Like many festivals, Melt’s 2022 edition has been two years in the making, and for its return, the team ensured this extra time was put to good use. Seven new stages were introduced for its latest chapter, and there were more artists and live performances than ever before on the bill.
In spite of these new additions, Melt retains its core feature: its illustrious setting. Named the City of Iron, the Ferropolis open air museum is home to an array of towering 20th century cranes that act as the centrepiece of the main festival area. Tasteful and finely selected multi-genre programming has become synonymous with the Melt experience, and these boundaries have been arguably pushed even further this year. A broad range of live acts – such as Headie One, Shygirl and Koffee – feature alongside electronic big hitters Overmono, DJ Stingray and Peggy Gou to form a varied, yet nicely balanced, offering.

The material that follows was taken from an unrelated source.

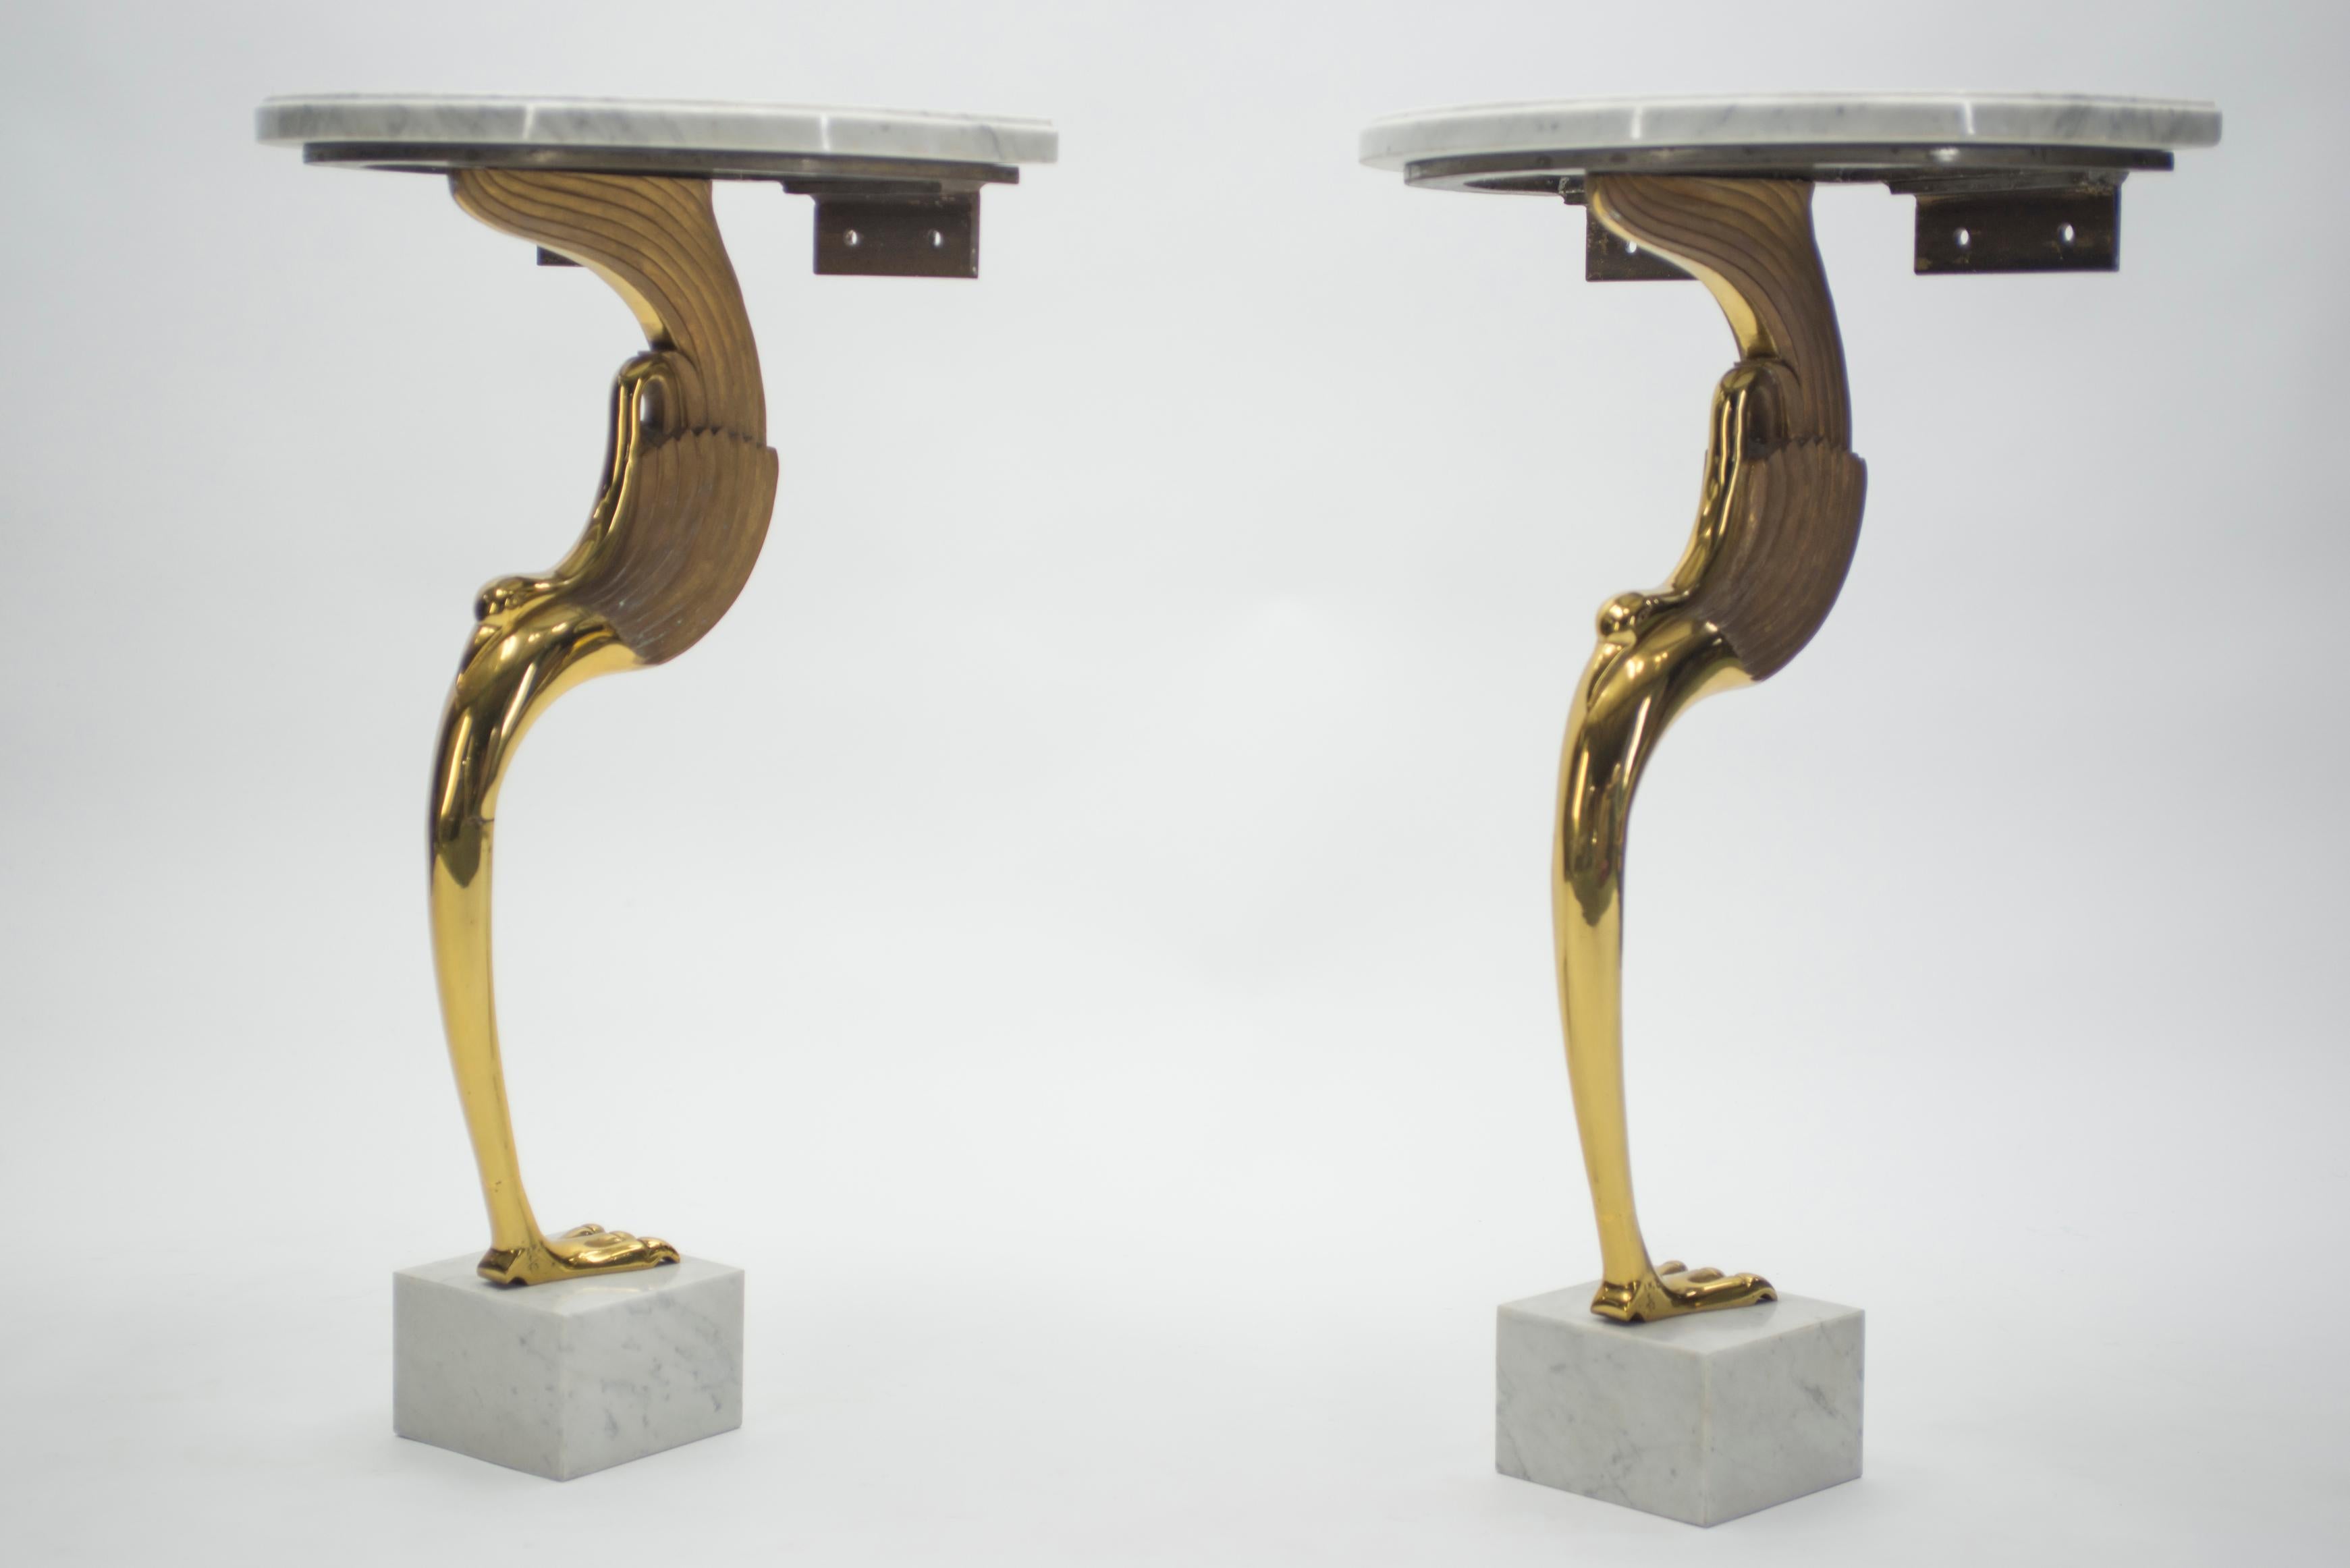 French Rare Midcentury Pair of Brass Marble Console Tables Robert Thibier, 1970s

The addition of an extra full day of music has not been taken lightly, as Thursday’s timetable is as equally invigorating as the rest of the weekend. Greentea Peng kicks things off on the 30Kv stage, with crowd pleasers such as Downers and Mr. Sun sparking an early moment of amalgamation. This, combined with Arlo Park’s pleasantly tranquil indie pop, is a gratifying calm before the storm. It’s when the cinematic drums of Little Simz’s opener, Introvert, rings out across a nightfallen Gremmin Beach that it feels like the weekend has truly begun. She’s followed by Avalon Emerson and Mama Snake’s sets of breakneck techno, which feel as though they’re foreshadowing what’s to come over the rest of the weekend.
After each night of music, the industrial backdrop of the main festival area becomes almost eerily deserted during the daytime. In stark contrast, it’s the campsite and the surrounding beaches that become the focal point. Morning yoga sessions, industry talks and workshops are on offer for those looking for a peaceful beginning to the day, to heal and recover from the night before.

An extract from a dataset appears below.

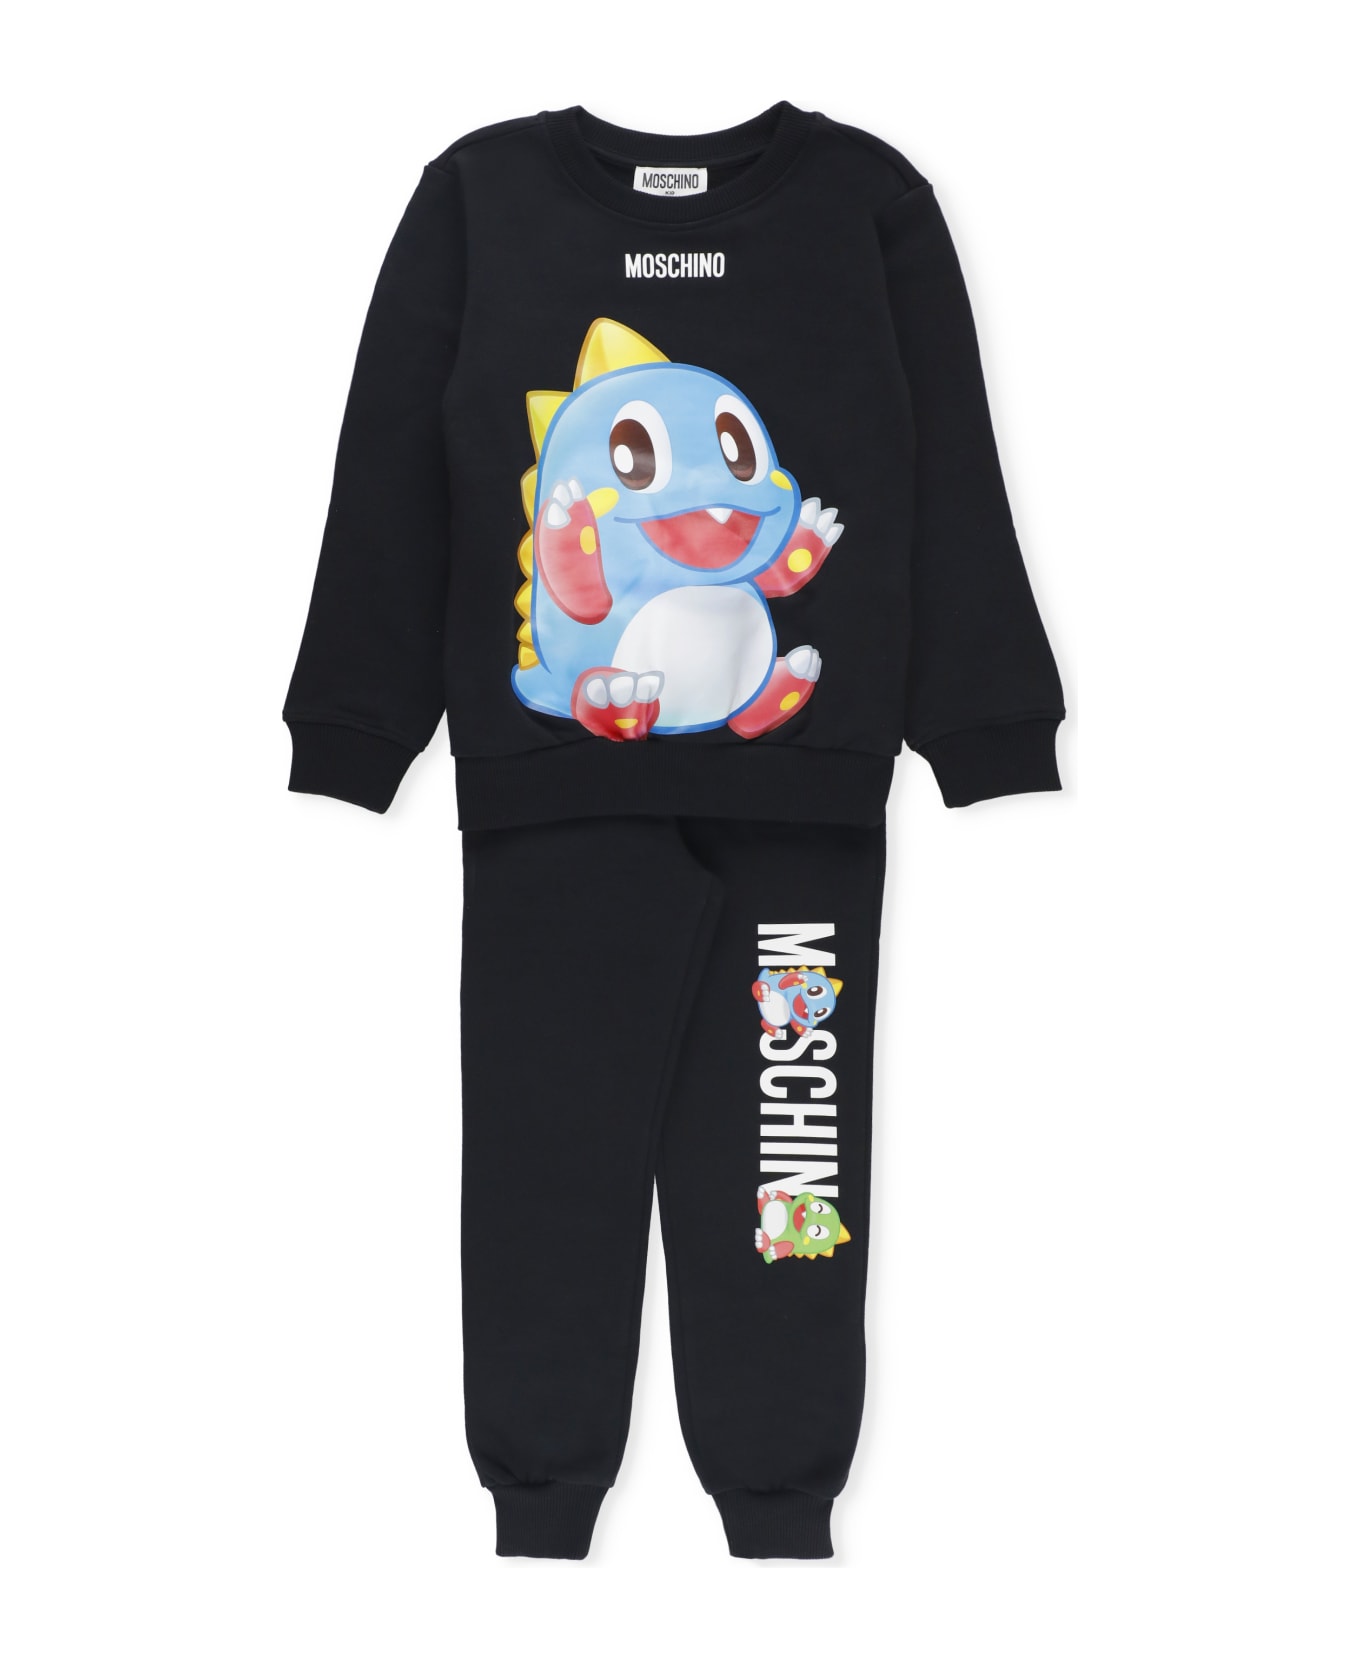 Moschino Chinese New Year Two Piece Suit - Black スーツ

Alternatively, bookending each side of the campsite are the Club Floor and Radio stages, which are undoubtedly the go-to spots for daytime music. Set right on the edge of the beach, The Radio stage is particularly impressive. Throughout the weekend local stations HÖR Berlin, Refuge Worldwide and Radio 80000 curate a day’s line-up, each with the likes of DJ Fuckoff, Moxie and Yu Su passing through. The opportunity to enjoy the music on the beachfront dancefloor or whilst taking a refreshing dip in the lake creates a blissful atmosphere that’s hard to beat.
Despite a daily timetable brimming with quality acts on offer, there’s still a magic to be found in stumbling across unexpected moments of brilliance, sending any plans out of the window. For example, the Saturday night sees the Roller Disco stage – which, until this point, had been relatively low-key – descend into an alluring sense of chaos. A thumping blend of acid, breaks and trance from Marlon Hoffstadt going back-to-back with Malugi has people jumping over the barriers to get in on the action. They play an edit of Britney Spears’ Hit Me Baby One More Time, which becomes one of the more unexpected dancefloor highlights of the evening.
Throughout the whole weekend, the Big Wheel stage plays host to some of the most exciting DJs around at the moment. On the final night, UNIIQU3 blends her endless arsenal of Jersey club bangers with the high-BPM techno that has been a mainstay on the majority of Melt’s dance stages. When the evening;s stage curator Partiboi69 steps up to the decks, his somewhat meteoric rise is reflected in the busiest Big Wheel crowd of the festival. It’s his own unreleased edit of Tokyo Drift’s K on My D + C that causes peak levels of mayhem across the dancefloor.
‘A New World’ was a phrase used by Melt in the preceding months leading up to the festival, and this promise is certainly delivered upon throughout. For its most loyal, and frequent, regulars, there may have been an adjustment period to take in its new stages and the axing of a few old favourites. But it’s the festival’s spirit of inclusion and creative freedom that makes it such a memorable experience. In short, though Melt has undergone drastic changes its quintessential ethos still remains. 2022 marks the beginning of a compelling new chapter for Melt, and there’s something enthralling in the idea of seeing how the festival tops this next year.